The classifier was trained in two stages. First, a Med-BERT encoder generated contextualized embeddings of the clinical notes55. Second, a binary classification layer was trained on these embeddings using supervised SimCSE56, a contrastive learning approach that minimized embedding distance within the PreA-assisted group while maximizing the distance to the No-PreA group. Statistical significance was assessed with one-sided bootstrap tests (1,000 samples).

A prespecified domain-specific analysis further compared clinical decision-making across five domains. For unstructured text (history-taking and physical examination), Med-BERT embeddings were generated and projected into a two-dimensional latent space (UMAP1 and UMAP2) via Uniform Manifold Approximation and Projection for comparative distribution analysis. For structured non-normal count data (number of diagnoses, number of tests ordered and number of treatments), documented counts were compared between groups using nonparametric Mann–Whitney U-tests.

Comparison of referral report with clinical notes

A post hoc analysis evaluated the concordance and quality of PreA-generated referral reports versus physician-authored clinical notes. Agreement was defined as substantial alignment (exact match, near-identical content or inclusion of accepted differential diagnoses). The same expert panel from the comparative simulation studies (two board-certified primary care physicians and two senior residents) performed blinded ratings of report and note quality on a five-point Likert scale for completeness, appropriateness and clinical relevance (Supplementary Table 3).
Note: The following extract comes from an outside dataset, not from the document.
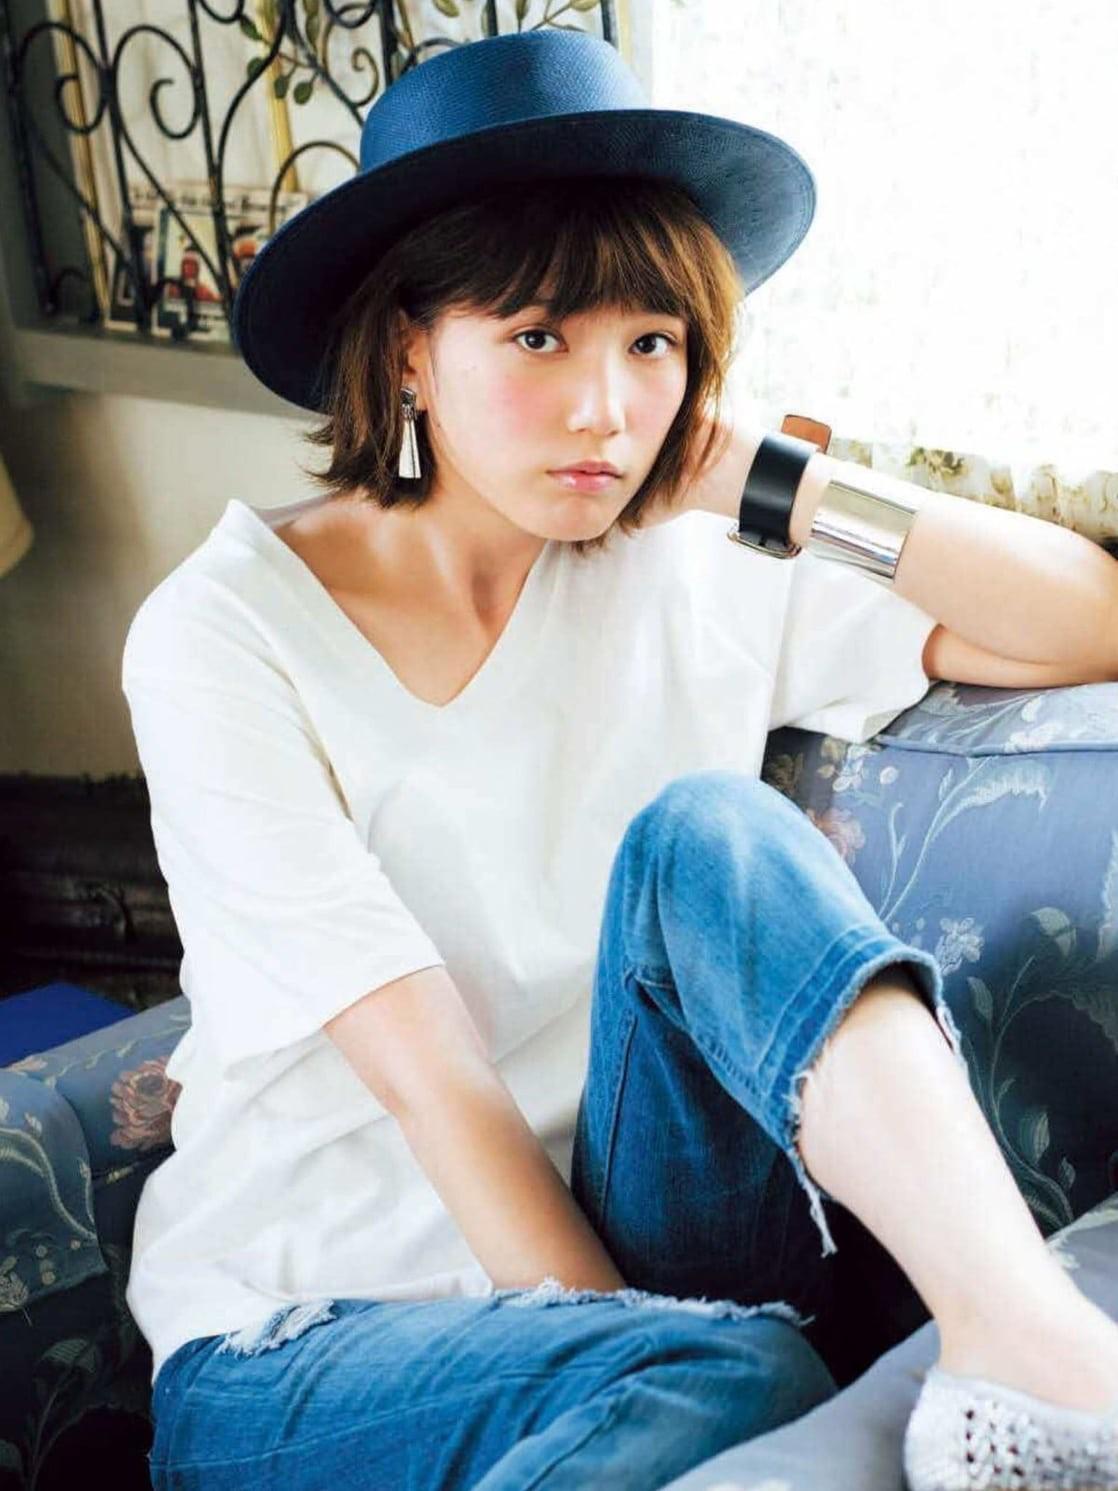 VZN News: 5 mỹ nhân tóc ngắn hot nhất Jbiz: Đây chính là lý do vẻ đẹp ngây thơ, trong sáng của con gái Nhật là thiên hạ vô địch - Ảnh 14.

They assessed three domains relevant to primary care referrals: history-taking, diagnosis and test ordering; physical examination and treatment plans were excluded. Each case was evaluated by two experts. The analysis used the same subset of patient cases as the classification analysis. Inter-rater reliability was high (κ > 0.80). Group comparisons were performed using a nonparametric Mann–Whitney U-test.

Reporting summary

Further information on research design is available in the Nature Portfolio Reporting Summary linked to this article.